Note: you can combine the explicit and implicit into one.

Resultant IR

Maps have somewhat similar IR to arrays.

push map typeID typeID
setindex map typeID typeID key value

Setting multiple values can be shorted to

push map typeID typeID
quickcpy map typeID typeID n k1 v1, ..., kn vn

typeID can only contain the types stated in the type section. If you want a map of arrays (and same for map of maps) then you have to do the following;

For map of maps that are one dimensional

push map typeID typeID
setindex map typeID typeID k1 v1, ..., kn vn
push typeID new_key1
push map typeID typeID
push typeID new_key2
setindex map typeID typeID k2_1 v2_1, ..., k2_n v2_n
... ; 'N' times
compact map typeID map typeID typeID N

The above takes a collection type along with the new key type and the old map types that is you can view it like zipmap 1 [typeID : [typeID : typeID]] N, note how I had to push elements after each one, if you don't want to do that then you can create a complex map.

Complex maps are actually quite hard to express so there are two commands, the first is through #IR_type to express your map type then later on you can refer to that type by its ID you provide.

That is to create a string map of a int to array of floats map that is [str : [int : []flt]] you would do;

#IR_type 2 1 3 1 1 0 1 0 0 1
; Or in simple mode
#IR_type myType 3 map str map int vec flt

That is you create a type and call it ID 2 with depth 3 and that it is a map (1) then you state its a string (id 3) and its collection type is map (1) then you state the key value is int (0) and the value is array (0) then you state the type is float (1). So yeh... it is quite complex to define them but once they are defined you can just use them like any other collection type i.e.;

; If not in simple would refer to it as '2' as that is what the type was defined as
push myType ; no length as type is a map
setindex myType string_value int_value n float_0 ... float_n

where n is the number of items in the array.

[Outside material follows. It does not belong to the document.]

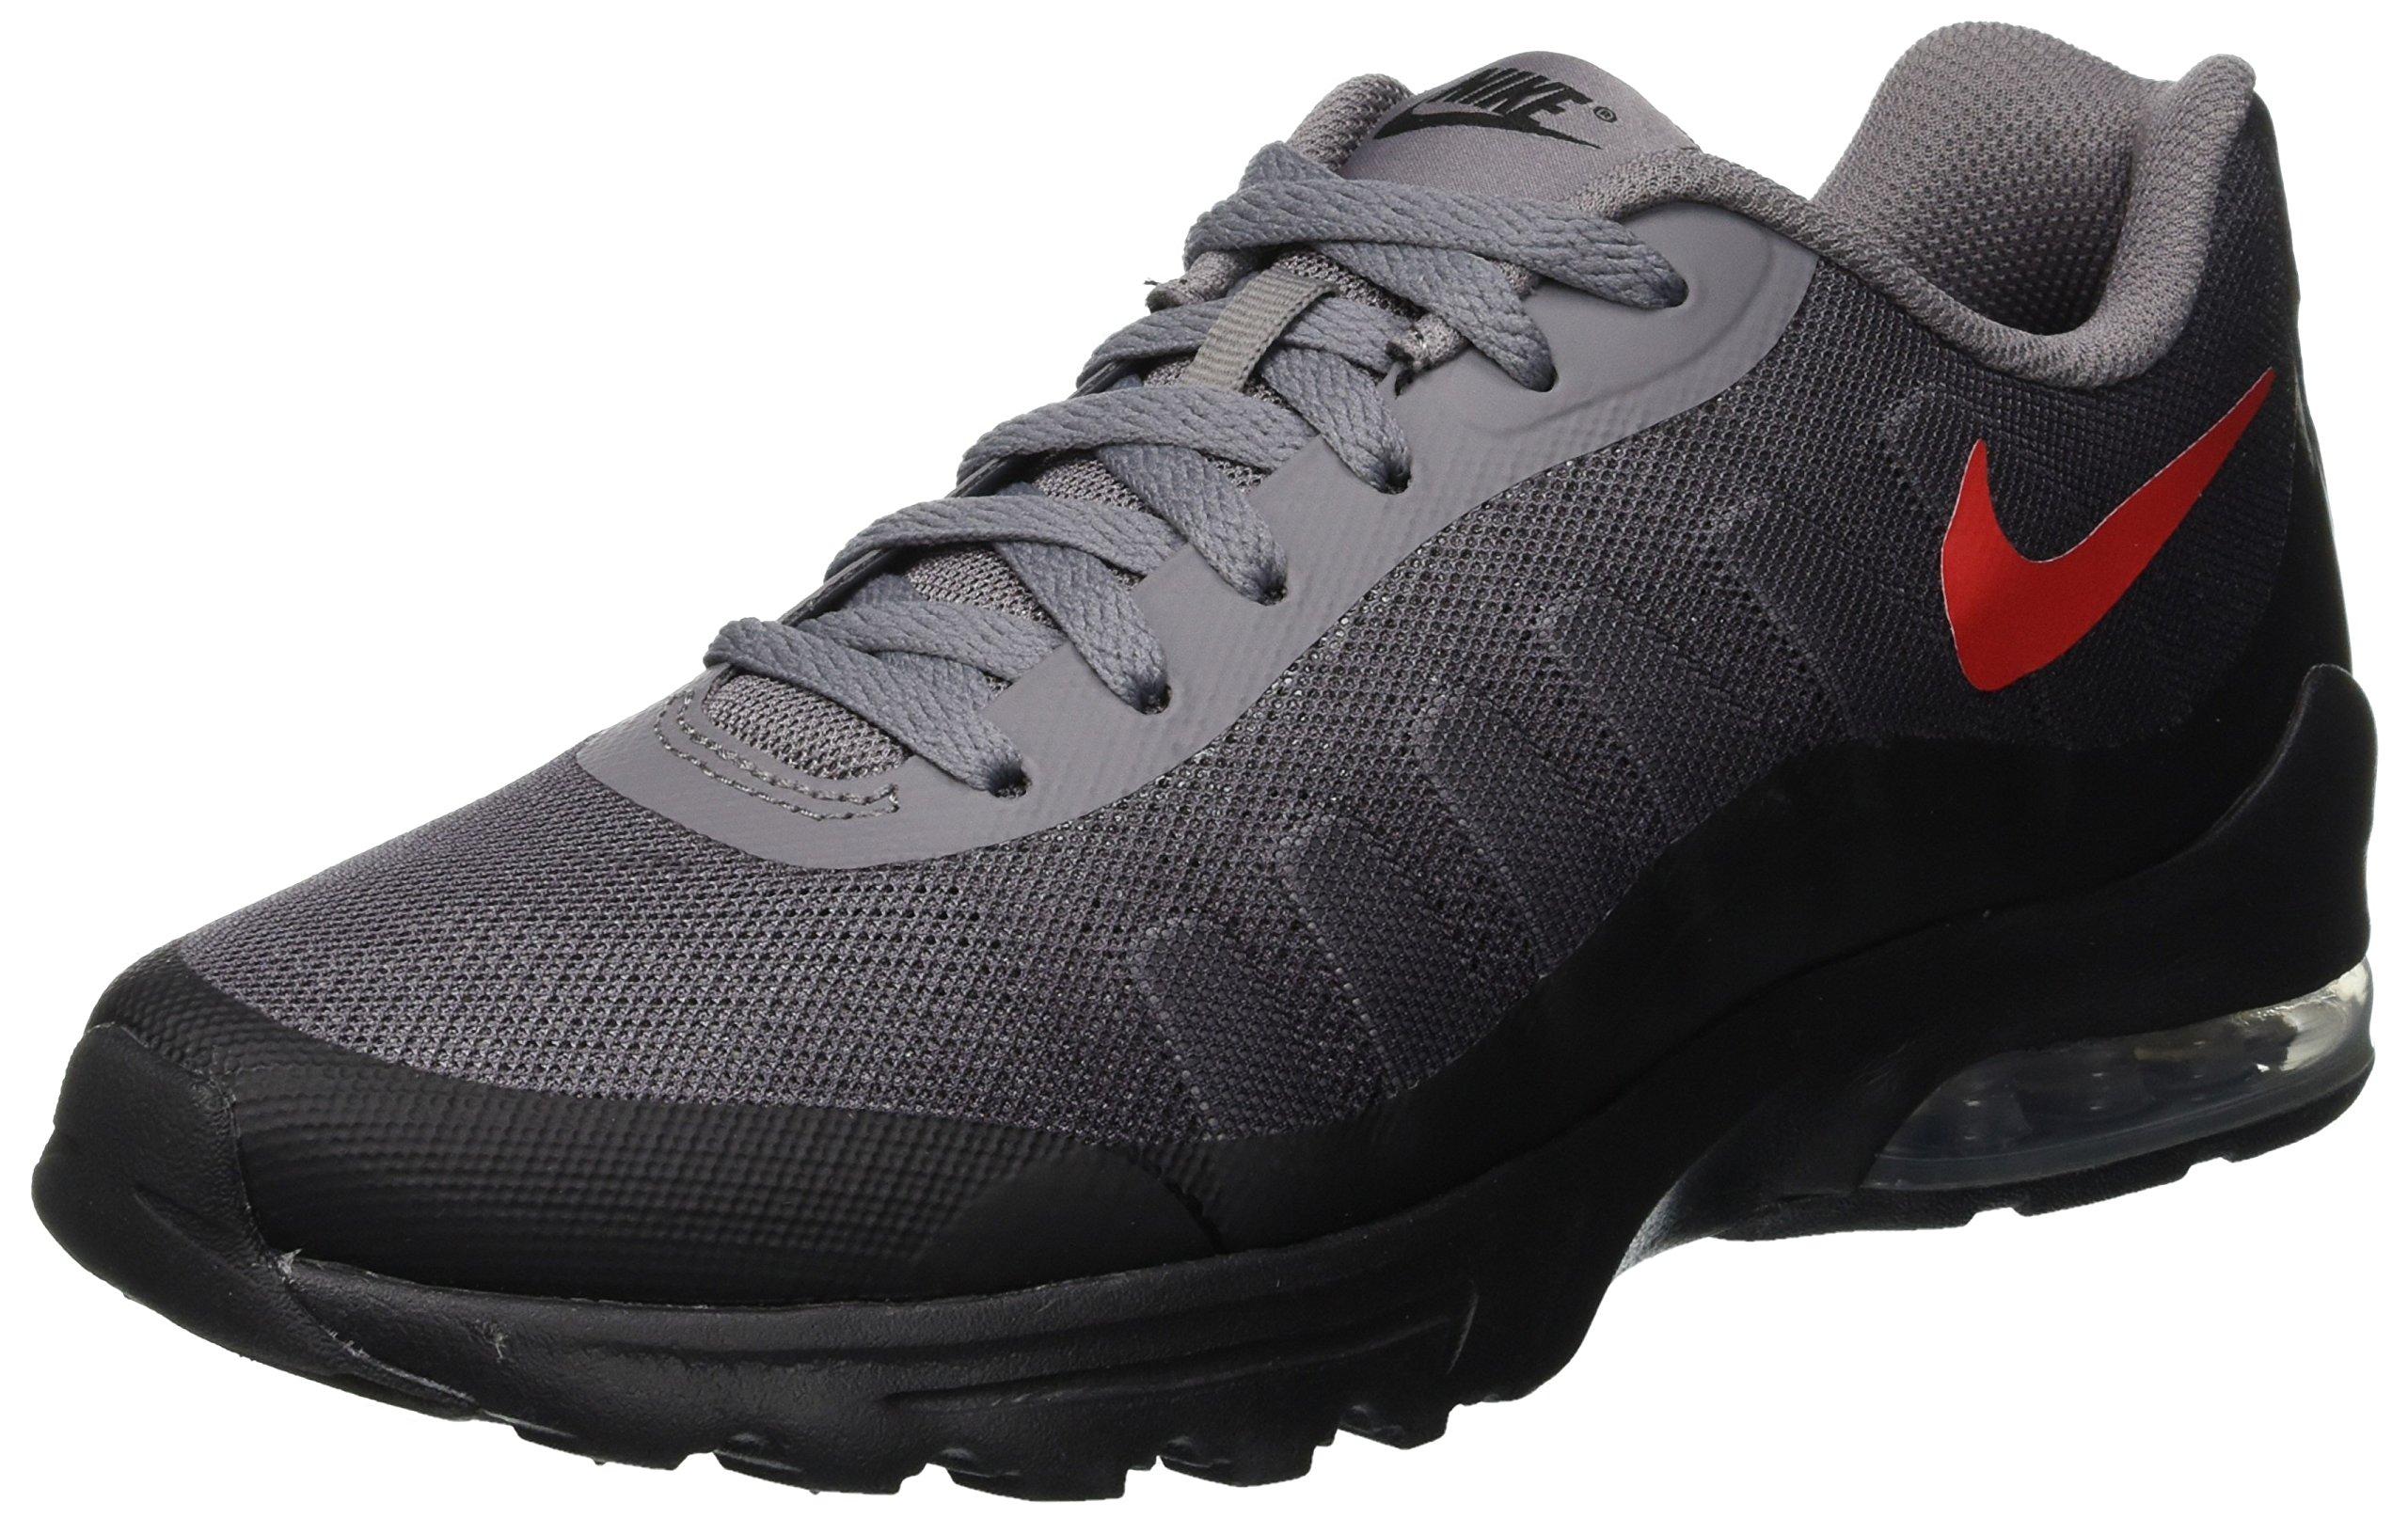 NIKE Men's Air Max Invigor Print Running Shoe, Gunsmoke/University Red-Black, 7.5 by NIKE

As you can see the type system is quite sophisticated, once more try not to abuse collections, and if you can completely avoid them that is preferred. This is more down to the user then you but still trying to expand the uses of zip map to more types if you can is important. Doing maps of maps just gets icky and for most users they will just define simple map structures, though maps of arrays are also a bit icky so in the future having a nicer command for them could exist.

Calls

Take the following example;

A : B::C() {
  d = p1
}

D : B {
  // 1
  d = A.d
}

// 2
D.d(A.d())

// 3
D.d = A.d

There are a few function call 'types' above and they effectively all do the same thing. 1, 2, and 3 do the exact same thing and are semantically the same, we allow you to shorten things as to make them nicer in terms of a call.

Resultant IR

The IR resulting from 1, 2, and 3 is;

get #A B d
call #D B d

You could use a quick version here of course, or whatever optimisations lead to the same 'result'.

Embedding IR

Embedding IR should be supported by a parser to allow for more complex operations to occur that aren't supported by the grammar (and in most cases will eventually become supported). Using IR does NOT void the compatibility promise, however don't expect IR to always be the most efficient in future versions (as better commands may be introduced).

Example : Color {
  RGB = 4, 55, 255
}
// `RGB = 4, 55, 255` is equivalent to:
#IR simple {
  #IR_obj Color Color;
  #IR_ctor Color Color::Color;
  #IR_set RGB Color.RGB;
  newobj Color Color #Example;
  push int 4, 55, 255;
  call #Example Color RGB; '0' as in register '0'
}

Noting the use of simple which allows me to use words instead of integer values (as well as using # for registers allowing alphanumeric) for almost everything, making the code look very readable, it also allows me to define IR objects/setters/getters/contructors through attributes. This is covered in the attributes section.

Attributes

You can apply a few attributes to your DOML code to provide various different benefits;

  • #Version X.Y.Z you can state your version like #Version 5 or #Version 5.1 or even #Version 5.5.9 compilers are required to check this and make sure that your version will work with the current compiler this will help people upgrade their DOML code if any compatability stuff breaks. Lowest version allowed is #Version 0.3 as before that the language was different (in really just terms of syntax and complexity of IR) and very few compilers ever fully supported 0.2. Compilers must support this.
  • #IR { ... } allows you to embed IR, an optional mode is #IR simple which allows you to use simple words such as push or int instead of their value equivalents, noting of course that the extra work to analyse will slow down parsing. Compilers should support this and could support simple mode.
  • #Strict true/false supplying a true value should require the compiler enforce only must and should requirements and definitely turn off all could or any ones not stated in this document. Compilers should support #Strict true and must support #Strict false.
  • #NoKeywords true/false compilers must support #NoKeywords false and should support #NoKeywords true which turns true and false into #true and #false for all cases except for attribute statements.
  • #IR_obj defines an object for the rest of the scope
    • If used within a block only defines for that block if used outside a block defined for entire script.
  • #IR_set defines a setter for the rest of the scope
    • If used within a block only defines for that block if used outside a block defined for entire script.
  • #IR_get defines a getter for the rest of the scope
    • If used within a block only defines for that block if used outside a block defined for entire script.
  • #IR_ctor defines a constructor for the rest of the scope
    • If used within a block only defines for that block if used outside a block defined for entire script.
  • #IR_type used to define a type.
    • i.e. #IR_type 100 1 3 1 0 0 1 makes a map of string to another map which is int key to a float array. This can be read like [str : [int : []flt]], and create type would often be expressed like; #IR_type myType map str map int vec flt. This type can be used in place of more complex types such as getmap myType 3, 5.0, "Hey"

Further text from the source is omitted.